Client.request bypassing urllib2.Request header normalization

aronatkins commented 11 years ago

I found this because we happen to have a server which barfs on Content-Type but accepts Content-type. Go figure.

When a header dictionary is passed to urllib2.Request, each key/value of that dictionary is not blindly added to the request headers dictionary. Instead, request.add_header is called on each pair and that performs key.capitalize().

By simply calling req.headers.update after creating the request, sanction skips this header normalization.

Both transport_headers and transport_query suffer from this.

It probably makes sense for Client.request to mirror urllib2.Request as much as possible since it's trying to just be a thin wrapper. This is one inconsistency.

I am working around this issue by passing Content-type instead of Content-Type to Client.request.

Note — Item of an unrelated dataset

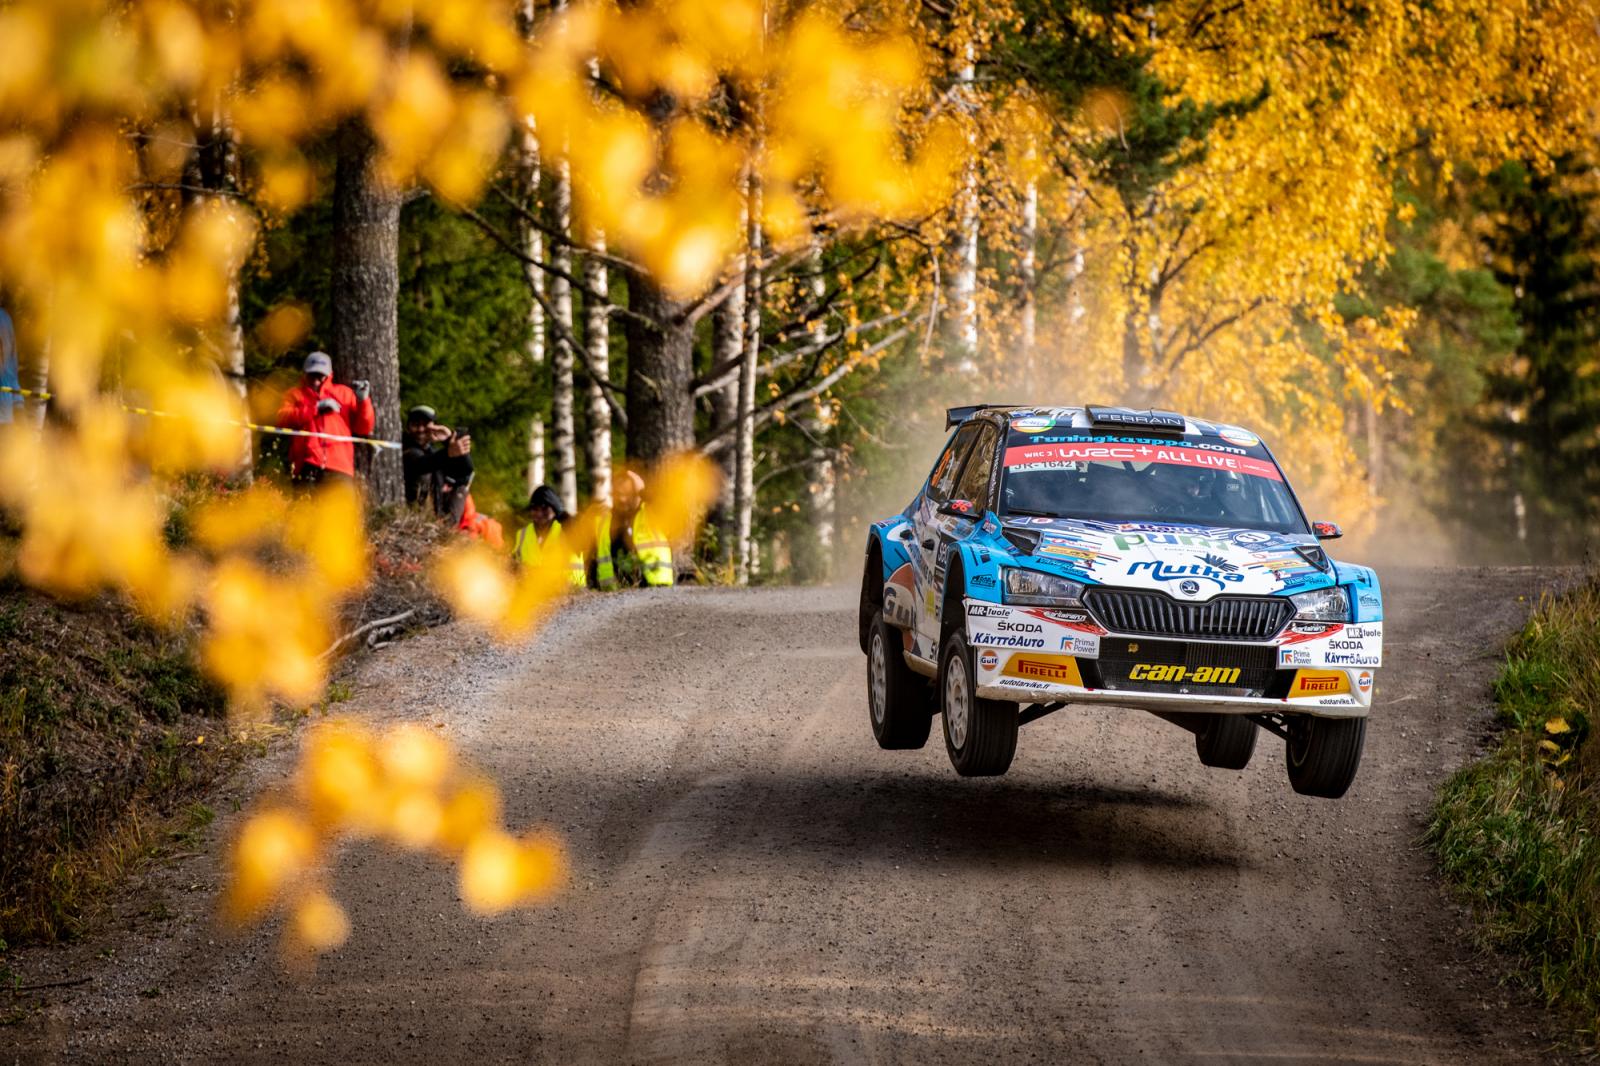 Teemu Asunmaa and Marko Salminen in WRC Rally Finland. Photo: Honza Fronek/Rally-Mania.cz.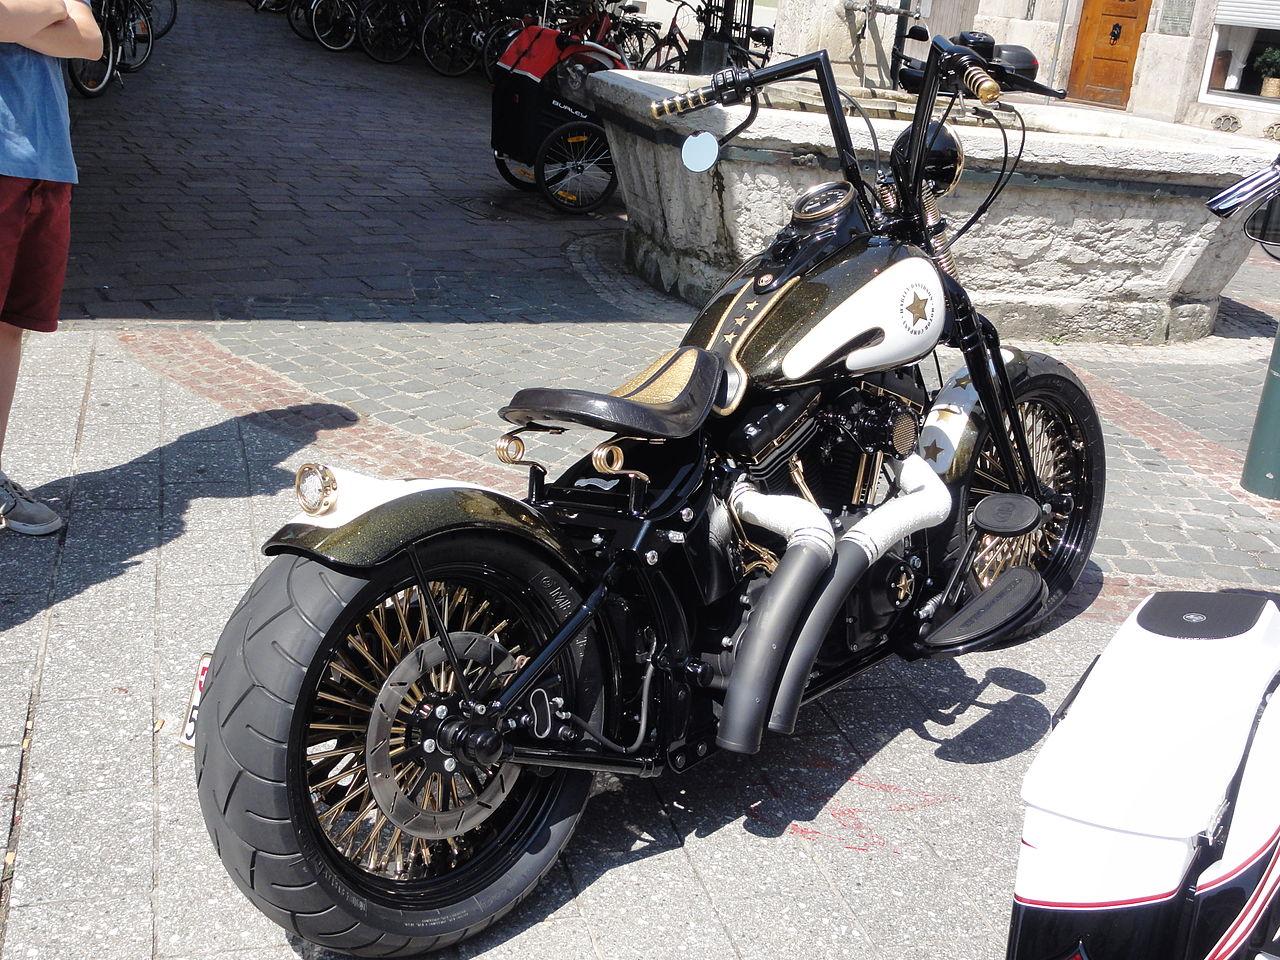 File:Lörrach - Harley custom made bikes (4) JPG - Wikimedia Commons

I imagine that the default header normalization might cause problems as well (but, honestly, resource servers should be processing headers in a case insensitive way and it sucks that the one we have isn't). I can understand if you deem this not worth fixing. At the very least, I wanted to document the problem in case someone else runs into it.

aronatkins commented 10 years ago

A clarification.

The resource server does handle content-type in a case insensitive way. The problem is that urllib2 adds the header Content-type with a value of application/x-www-form-urlencoded if not present in the set of headers. In other words, there is code in urllib2 which expects headers to already be normalized a does lookup using those normalized header names.

See AbstractHTTPHandler. dorequest (do_open in older versions) in http://svn.python.org/projects/python/branches/release27-maint/Lib/urllib2.py

In other words, I was wrong about how my resource server was behaving. There are still unexpected effects from not using normalized request headers.

demianbrecht commented 10 years ago

Yeah, unfortunately there's definitely some magic that happens in various places in urllib. This behaviour is also consistent in 3.4. I guess I can kind of see the reasoning behind providing a sane default, but I don't like the assumption that if request.data is not None, it assumes POST and automagically sets Content-type to application/x-www-form-urlencoded. Whatever happened to "explicit is better than implicit"? ;)

Unfortunately, I don't think there's anything on this end that I'm willing to do in order to prevent this from happening. The only thing that I can think of changing is to provide alternative defaults before calling into urlopen. If you feel strongly enough about it, you could always open a bug at bugs.python.org and suggest removing that assumption. I figure that this will likely not be accepted though due to horribly breaking backwards compatibility (I'd venture to guess that there is a lot of code that relies on this).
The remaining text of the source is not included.